> GIVEN DATA
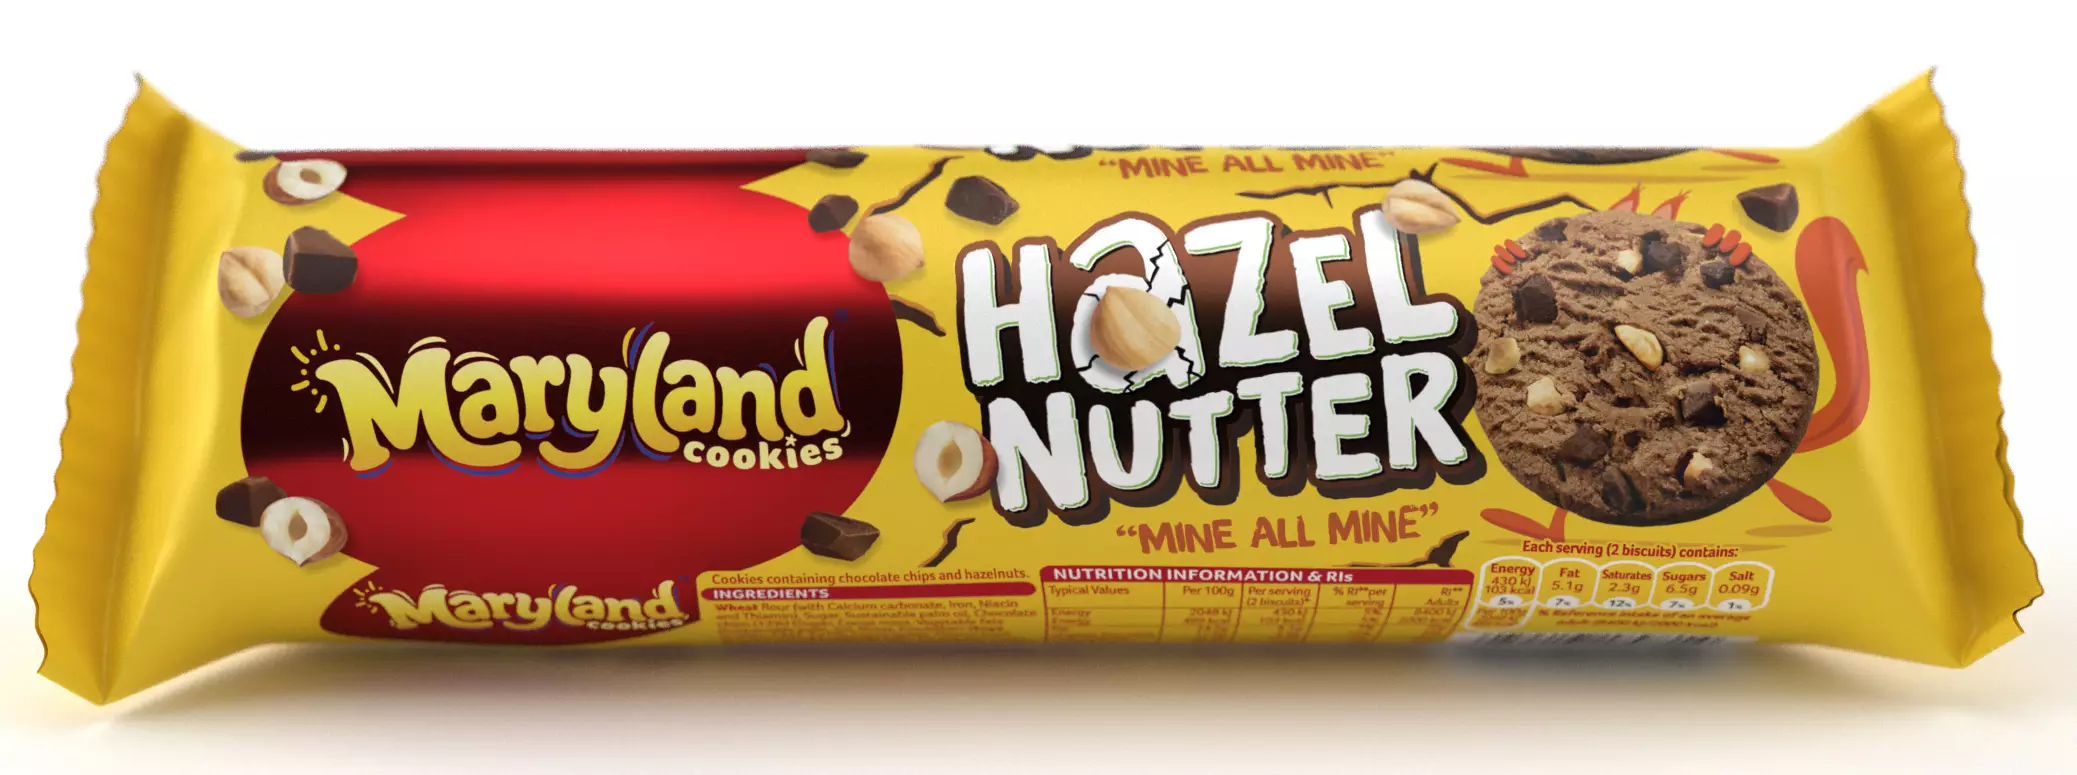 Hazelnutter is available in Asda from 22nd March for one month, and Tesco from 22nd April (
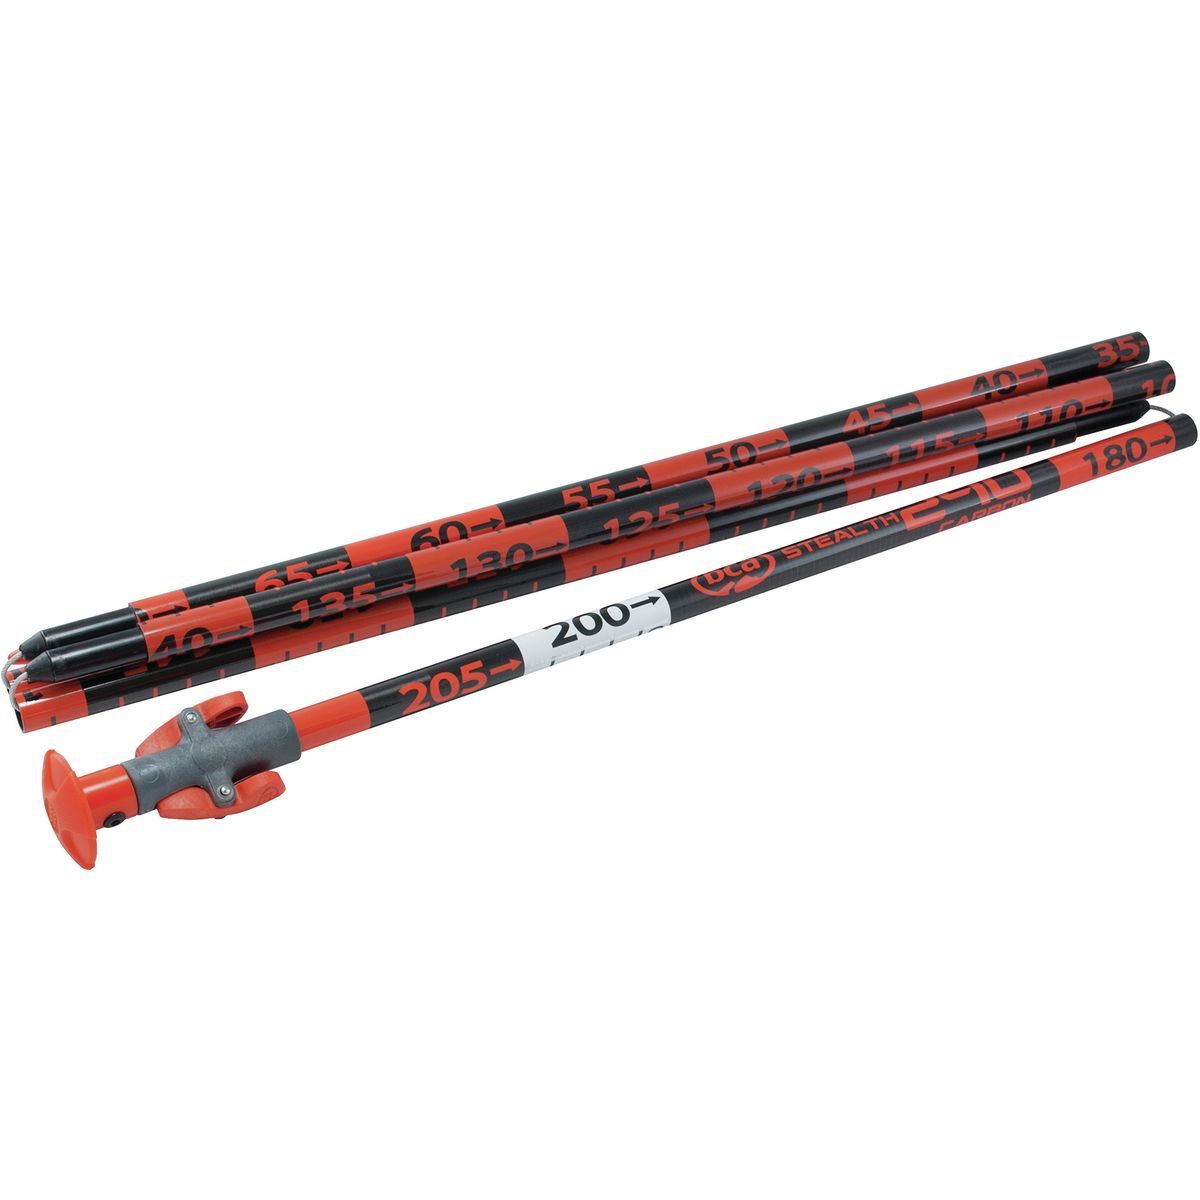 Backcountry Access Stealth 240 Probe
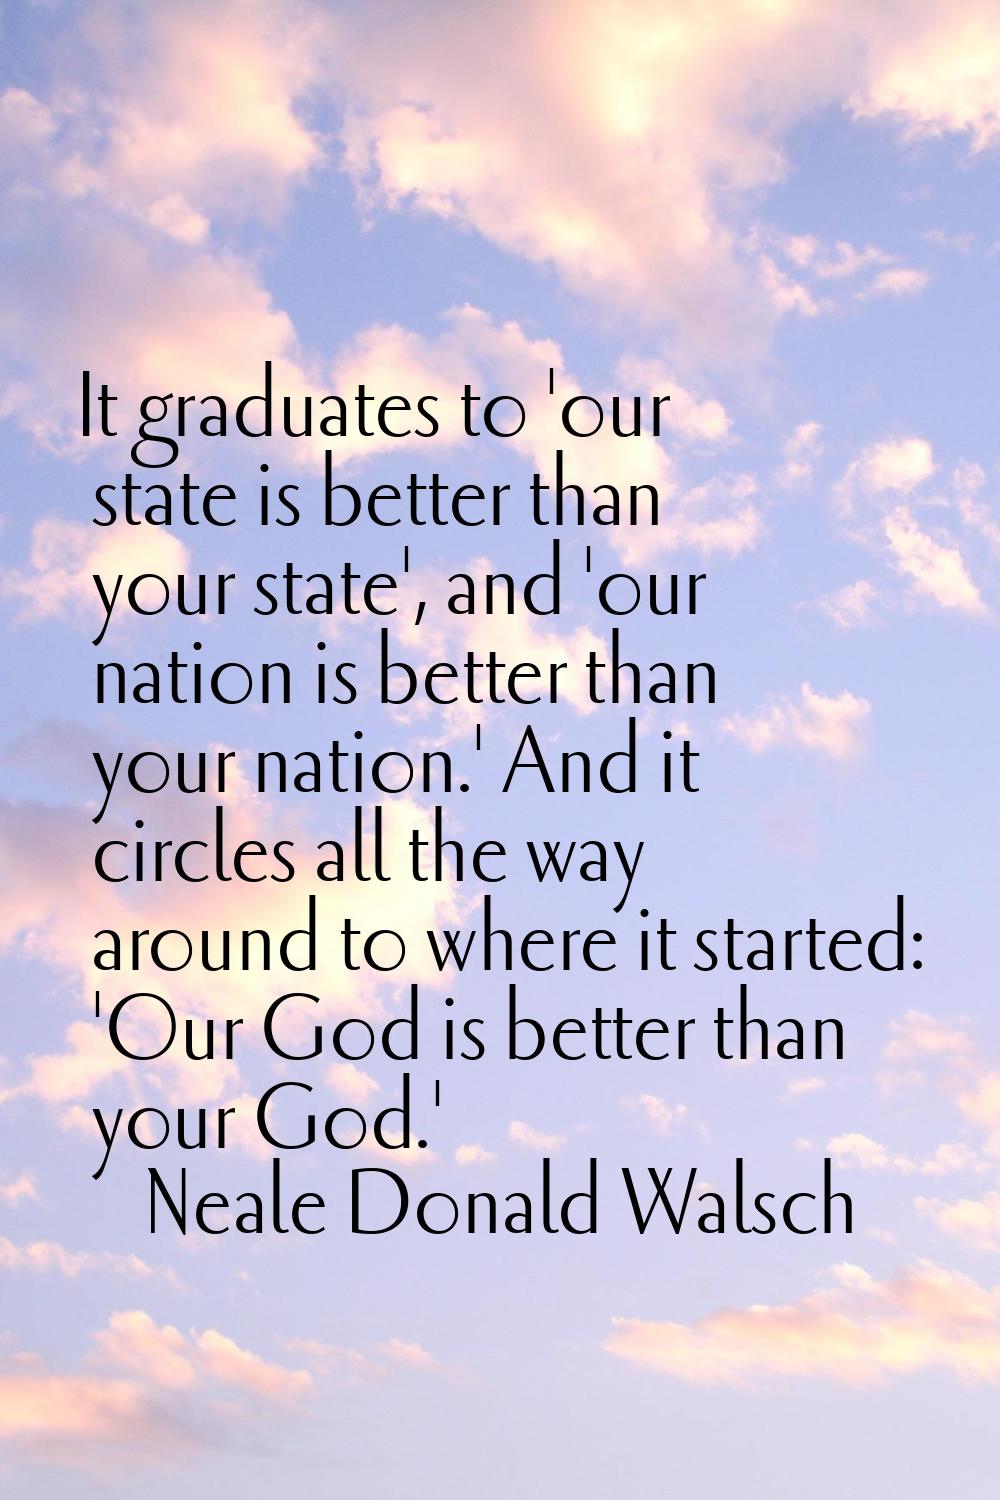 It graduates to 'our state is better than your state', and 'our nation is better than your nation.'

> WHAT THE TASK ASKS
Transcribe only the lines from the one holding "Backcountry Access Stealth 240 Probe" through the last line of the listing above, inclusive, and do not include the pictures.

> RESPONSE TO THE TASK
 Backcountry Access Stealth 240 Probe
 It graduates to 'our state is better than your state', and 'our nation is better than your nation.'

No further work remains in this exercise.